Al turned it over curiously and read, “F19.”

Wallace moved to his binder, flipped pages, and bent to make a note. Kate moved close enough to see what he had printed:
Surveillance photo F19; turned over to Inspector A. Hawkin, 2/6/04; 15:22 hours.

She felt as if he expected them to salute him as they left.

 

EIGHTEEN

I
’ve got to run if I’m going to catch Jeannine Cartfield,” she said to Hawkin.

“I think I’ll head back to the Detail,” he said, “see if I can track down this guy next door. I’ll drop you by the Ferry Building on the way. Or would you rather get your car?”

“No, I’m fine getting back. But how can you fit a neighbor into this?”

“Can’t, yet. But it’s a hole that needs filling, and you never know. He might be a paroled forger who did work for Gilbert—”

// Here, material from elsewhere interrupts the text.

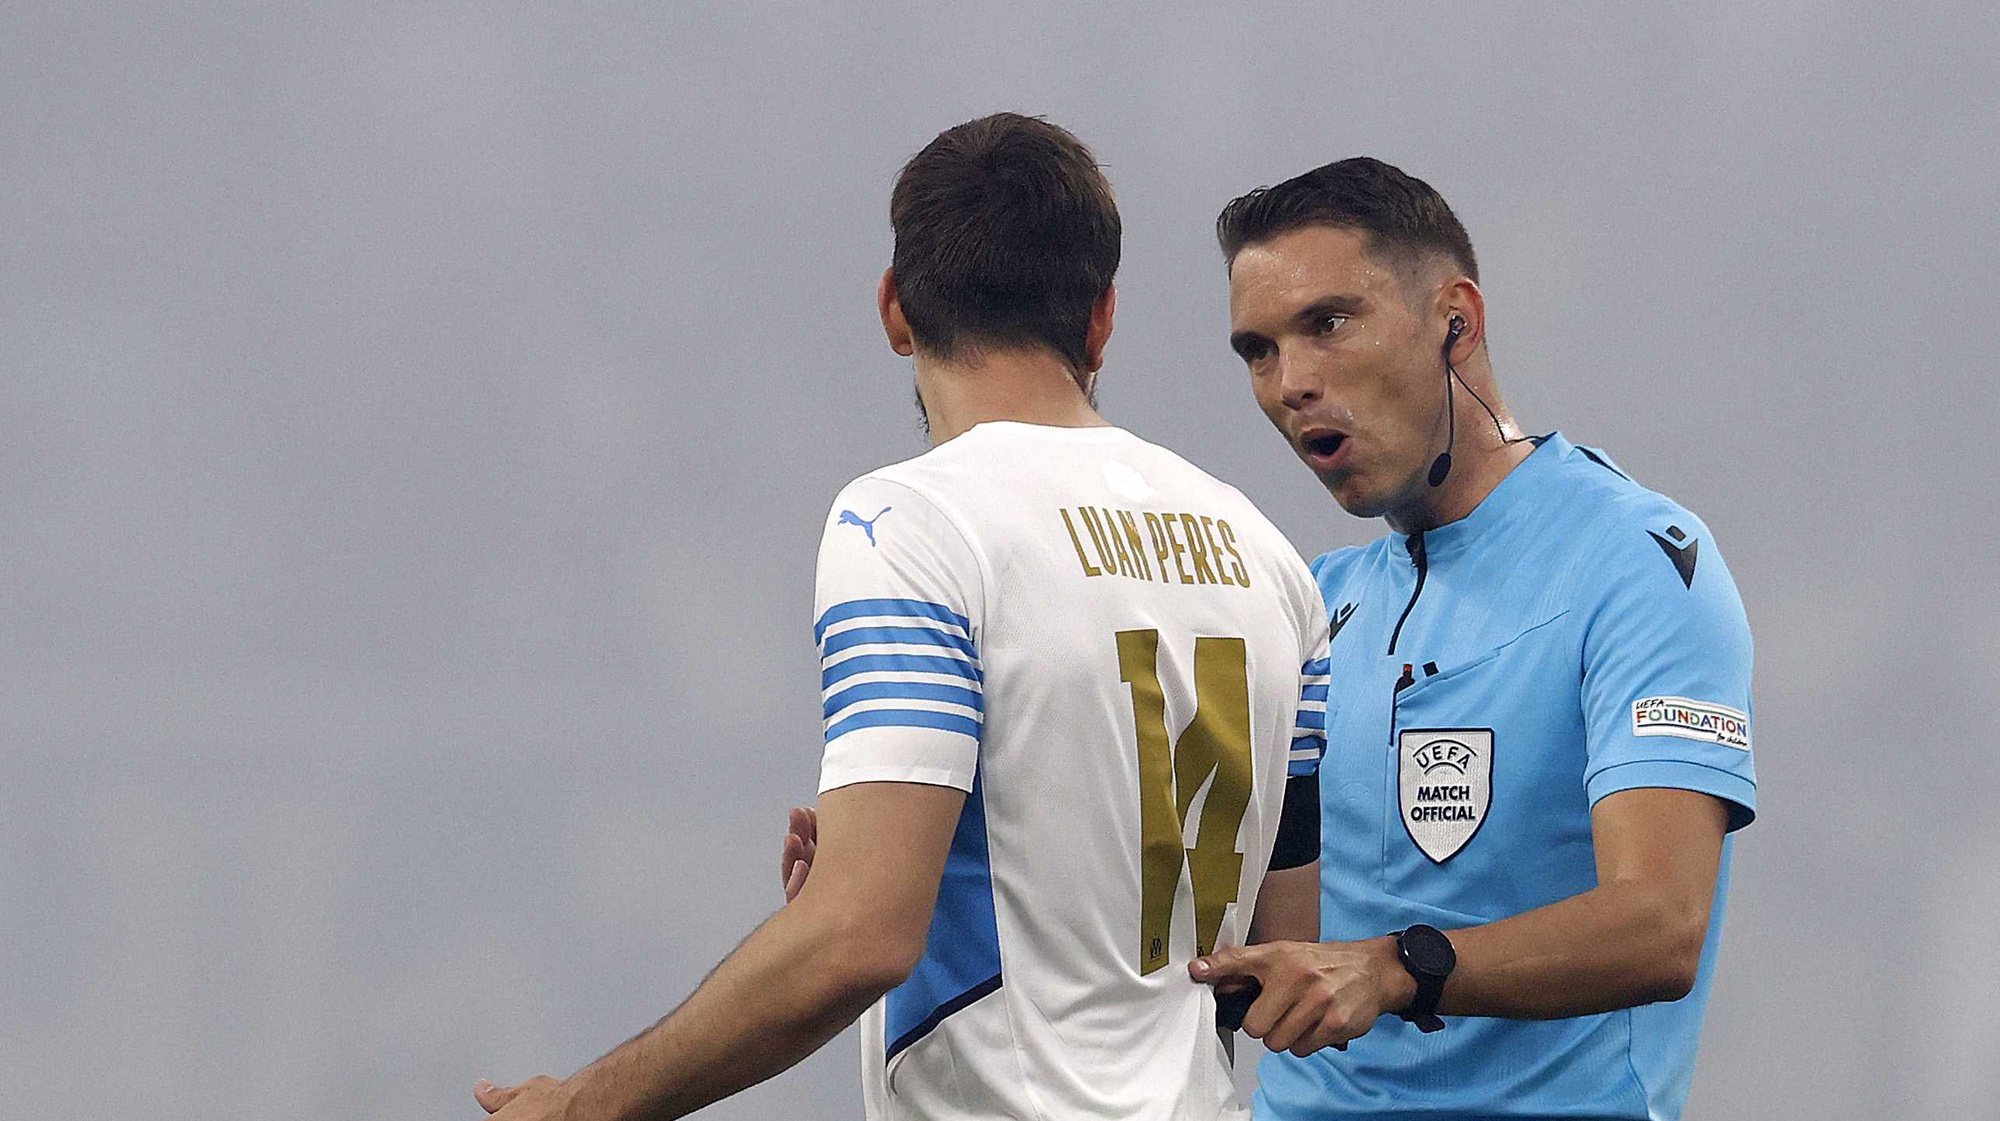 epa09929021 Luan Peres (L) of Olympique Marseille argues with referee Sandro Scharer during the UEFA Conference League semifinal, second leg soccer match between Olympique Marseille vs Feyenoord Rotterdam at Stade Velodrome in Marseille, France, 05 May 2022.  EPA/PIETER STAM DE JONGE

“Yeah, right,” she said dryly.

“Or a home invasion.”

She didn’t take his suggestion at all seriously. As they drove, she chewed on the problem. After a while, she said, “It’s all about the dump site.”

“Yep.”

“There’s no gaping alibis, just the usual problems, and so far we’ve caught no one out in a lie. Nobody admits to knowing about the story, but somebody used it for the disposal.”

“Nicholson knew.”

“Nicholson was two hundred fifty miles away the night the body had to have been left, reading the damned story in his motel room. I checked. Even if he had a Ferrari and collected speeding tickets all the way, the return trip back to San Francisco would have taken him eight or nine hours. I think Gilbert gave someone else a copy.”

“Rutland?”

“Either him, or Jeannine Cartfield. And I know I said it wasn’t likely to be a woman, but she’s a strong woman, and she has an air of…determination about her.”

“Determination.”

“You know what I mean. But look: Gilbert made three phone calls on Friday morning, to Rutland, Nicholson, and Cartfield. And the next day, Gilbert was in a rush to get the story to Nicholson before Nicholson took off for Seattle.”

“That’s right.”

“What if someone else got ahold of the manuscript? What if Gilbert discovered that a copy was missing, or that someone had broken in and read the thing? If he wanted to control the publicity, he’d be in a panic because the news was about to break without him.”

“But it hasn’t broken,” Al pointed out.